Documentation ¶
Overview ¶
Package tokenizer converts a text into a stream of tokens.
Index ¶
Constants ¶
This section is empty.
Variables ¶
This section is empty.
Functions ¶
This section is empty.
Types ¶
type Hash ¶
type Hash map[uint32]TokenRanges
Hash is a map of the hashes of a section of text to the token range covering that text.
type TokenRange ¶
TokenRange indicates the range of tokens that map to a particular checksum.
func (*TokenRange) String ¶
func (t *TokenRange) String() string
type TokenRanges ¶
type TokenRanges []*TokenRange
TokenRanges is a list of TokenRange objects. The chance that two different strings map to the same checksum is very small, but unfortunately isn't zero, so we use this instead of making the assumption that they will all be unique.

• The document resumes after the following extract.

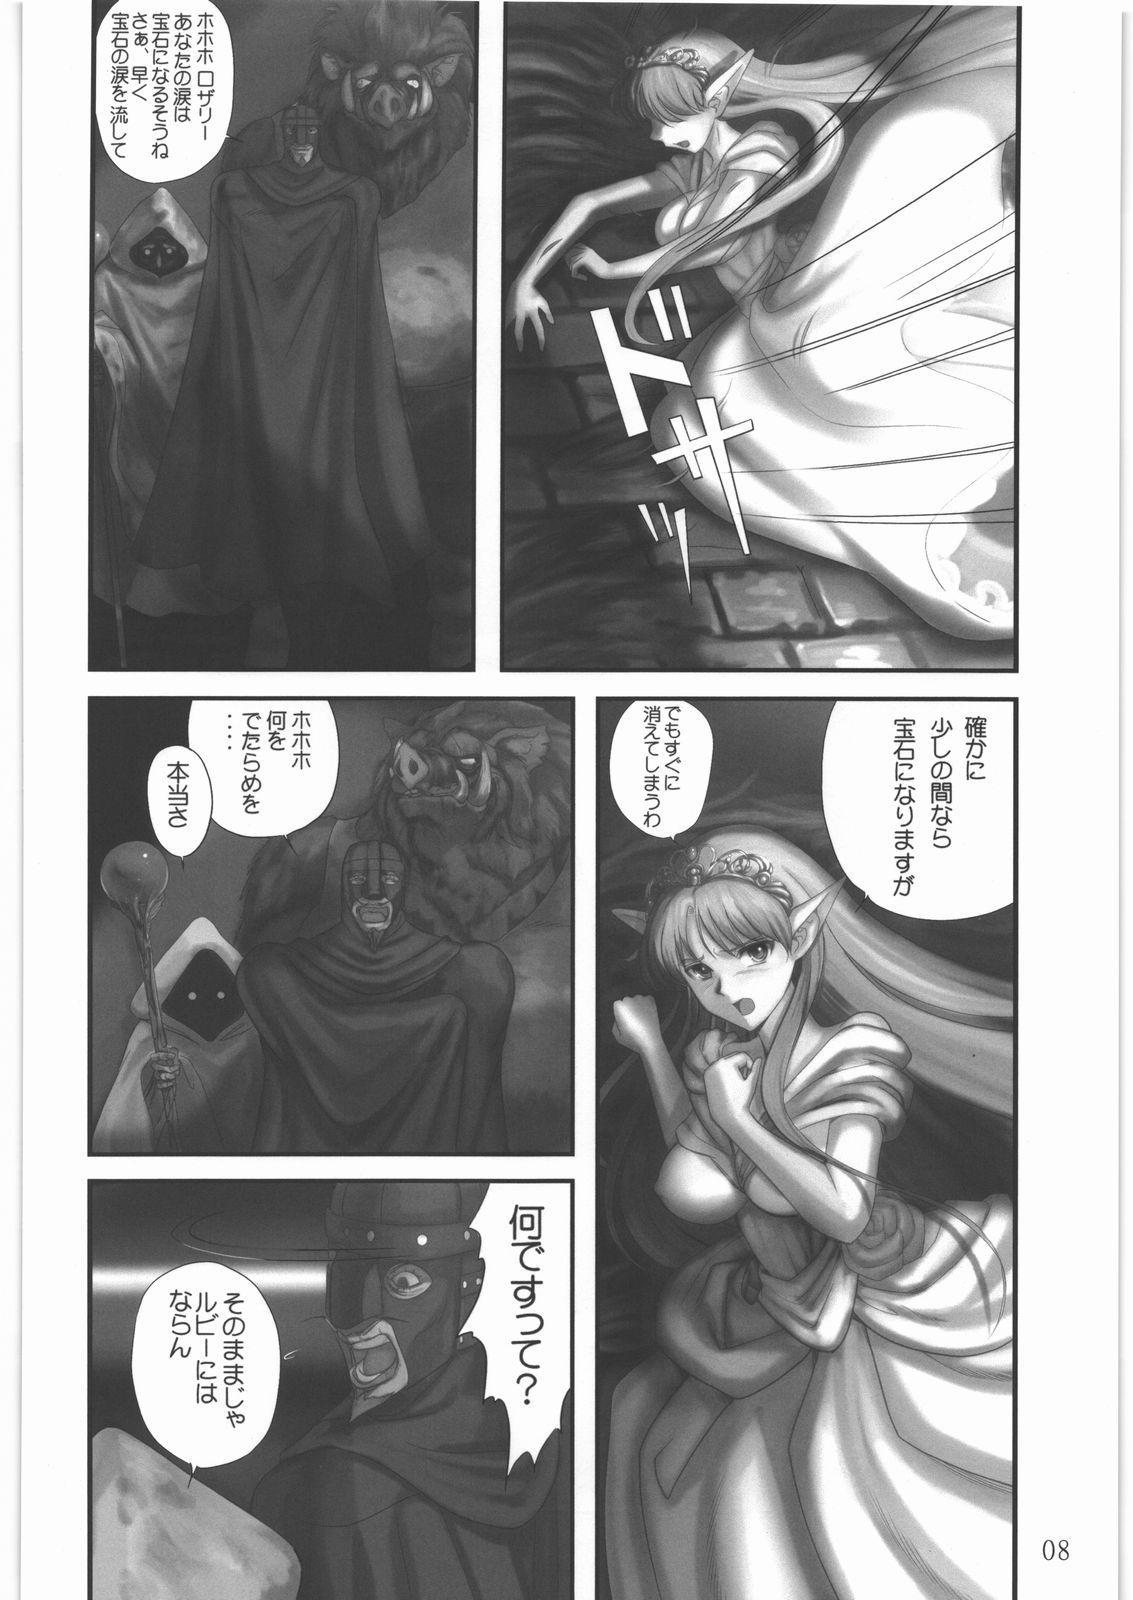 Elf Ryoujoku 6
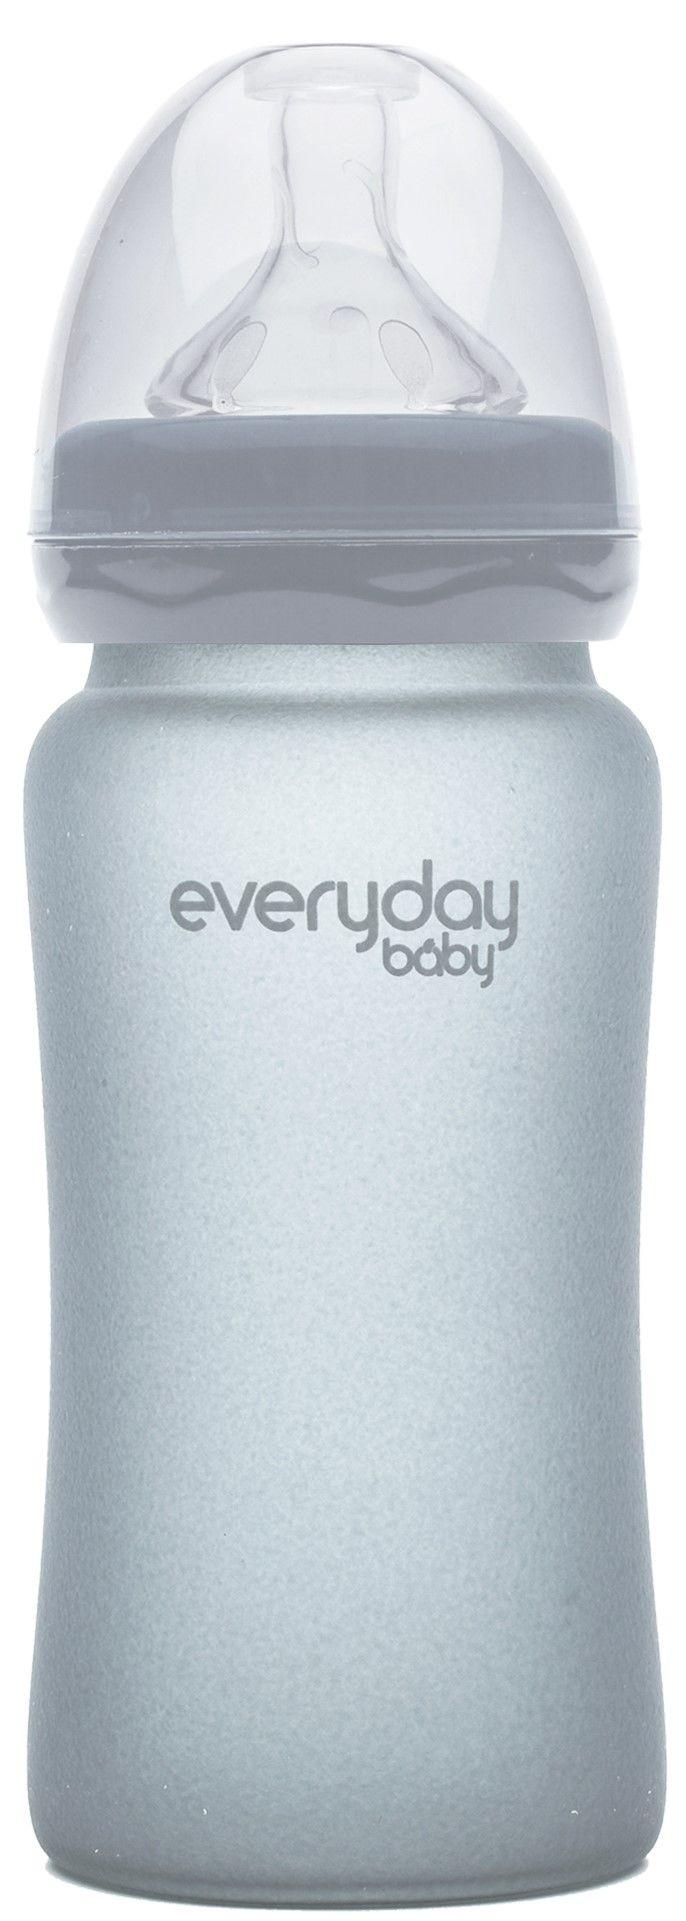 Everyday Baby Nappflaska 240 ml, Quiet Grey

func (TokenRanges) CombineUnique ¶
func (t TokenRanges) CombineUnique(other TokenRanges) TokenRanges
CombineUnique returns the combination of both token ranges with no duplicates.
func (TokenRanges) Len ¶
func (t TokenRanges) Len() int
func (TokenRanges) Less ¶
func (t TokenRanges) Less(i, j int) bool
func (TokenRanges) Swap ¶
func (t TokenRanges) Swap(i, j int)
type Tokens ¶
type Tokens []*token
Tokens is a list of Token objects.
func (Tokens) GenerateHashes ¶
func (t Tokens) GenerateHashes(h Hash, size int) ([]uint32, TokenRanges)
GenerateHashes generates hashes for "size" length substrings. The "stringifyTokens" call takes a long time to run, so not all substrings have hashes, i.e. we skip some of the smaller substrings.